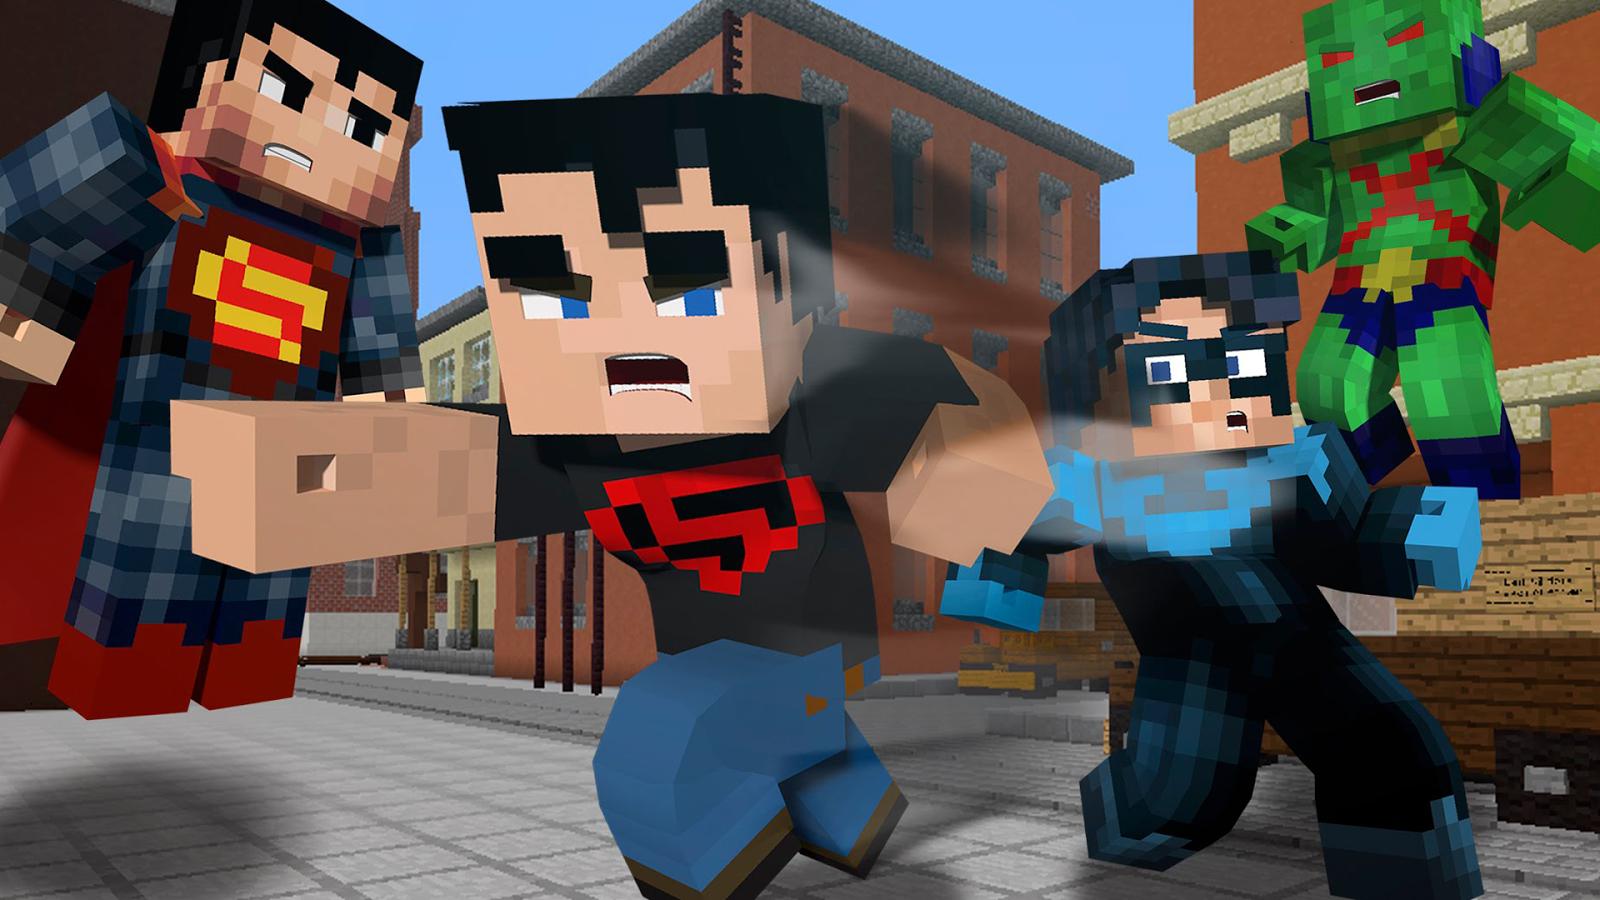 Superhero Minecraft Skins V APK Download Android Books - Minecraft skins fur android
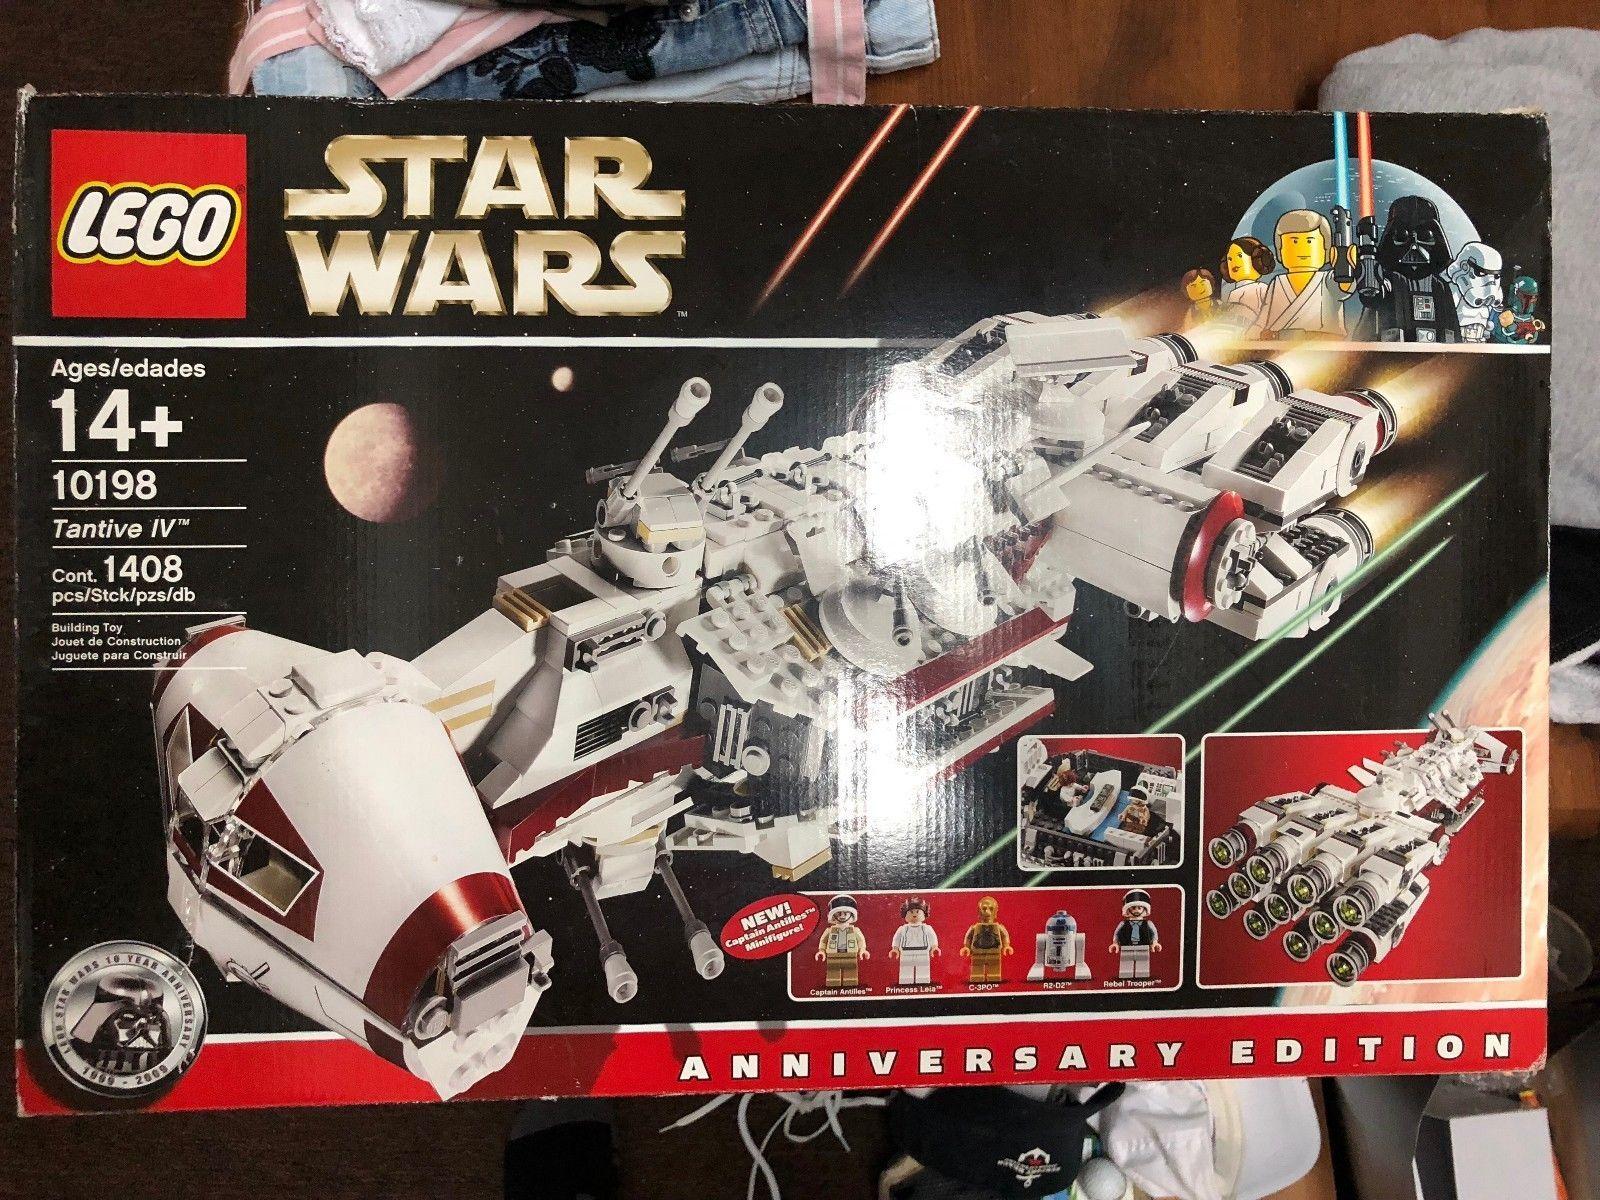 10198 Lego Star Wars New Factory Sealed Tantive Iv 1408 Pcs Retired Rare Lego Star Wars Lego Star Wars Sets Lego War
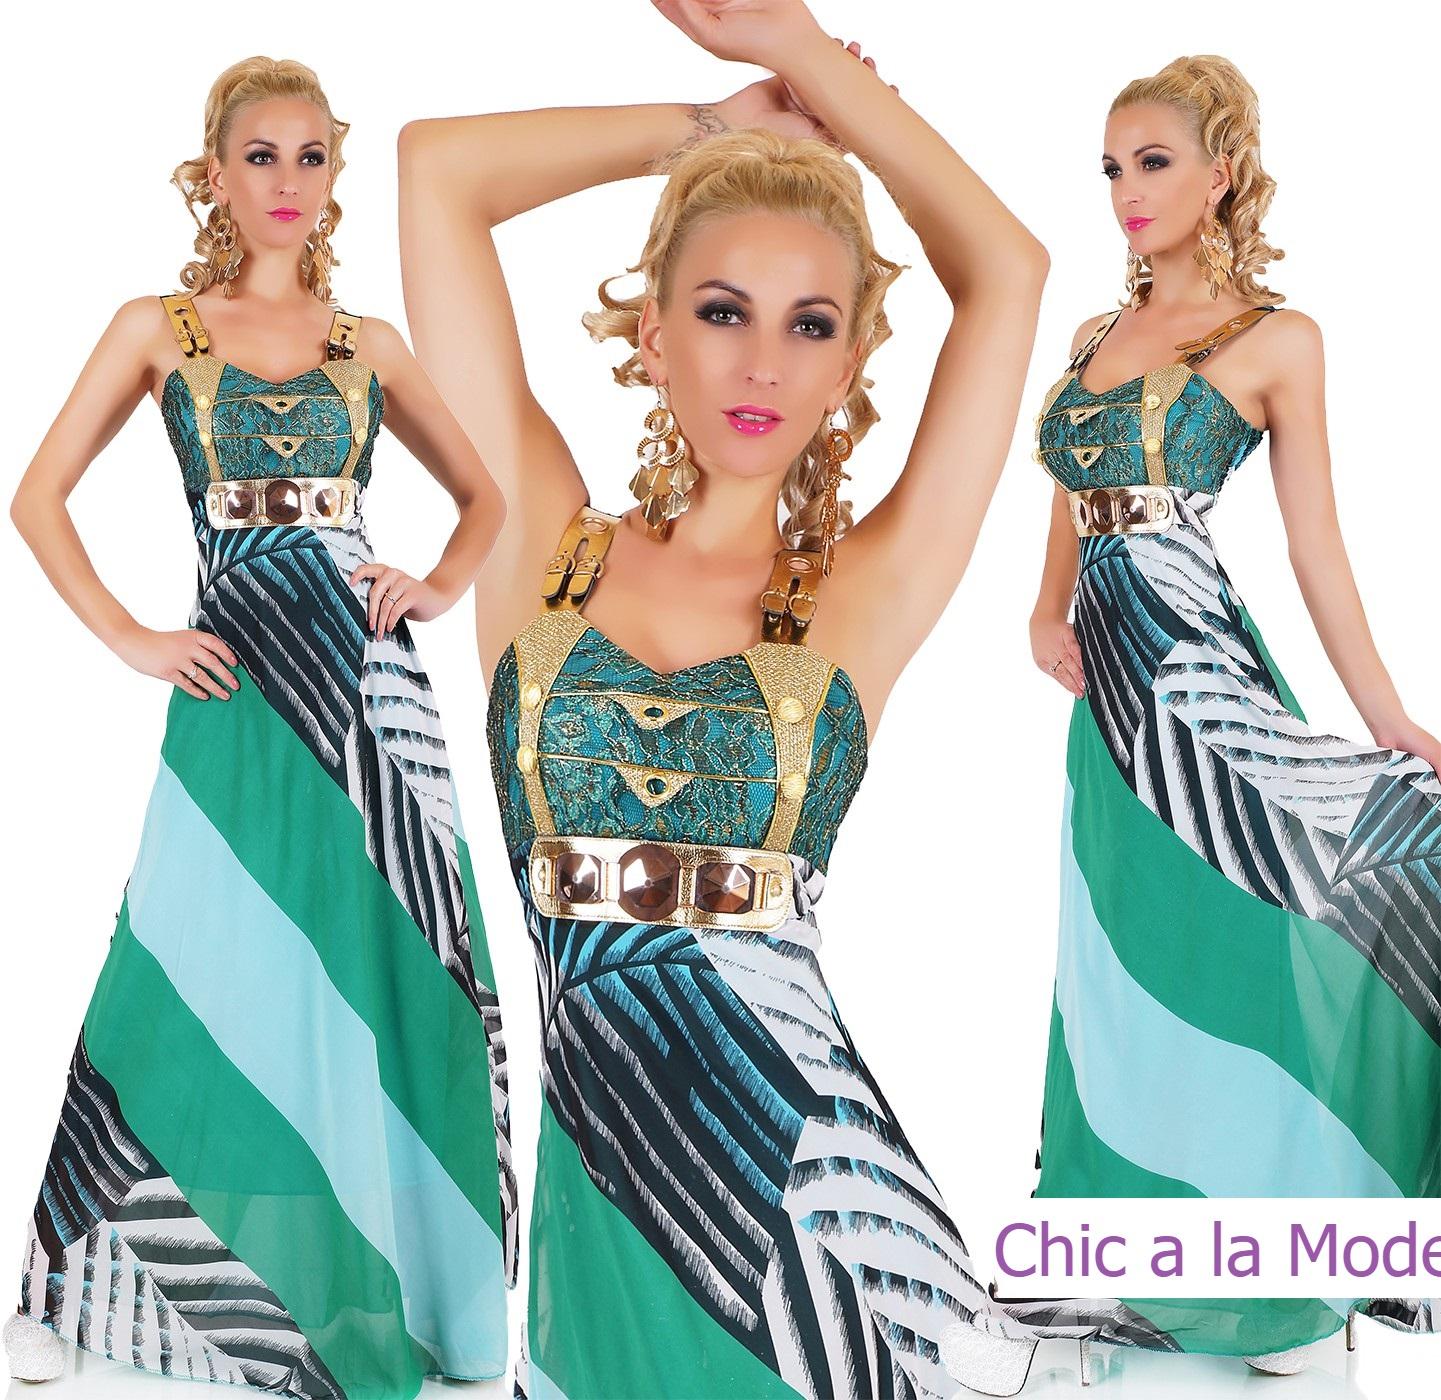 Chic a la mode

- - - - -

» What the task asks:
Only the pictures stay out; everything else in the listing above must be repeated exactly.

» Written answer:
 Superhero Minecraft Skins V APK Download Android Books - Minecraft skins fur android
 10198 Lego Star Wars New Factory Sealed Tantive Iv 1408 Pcs Retired Rare Lego Star Wars Lego Star Wars Sets Lego War
 Chic a la mode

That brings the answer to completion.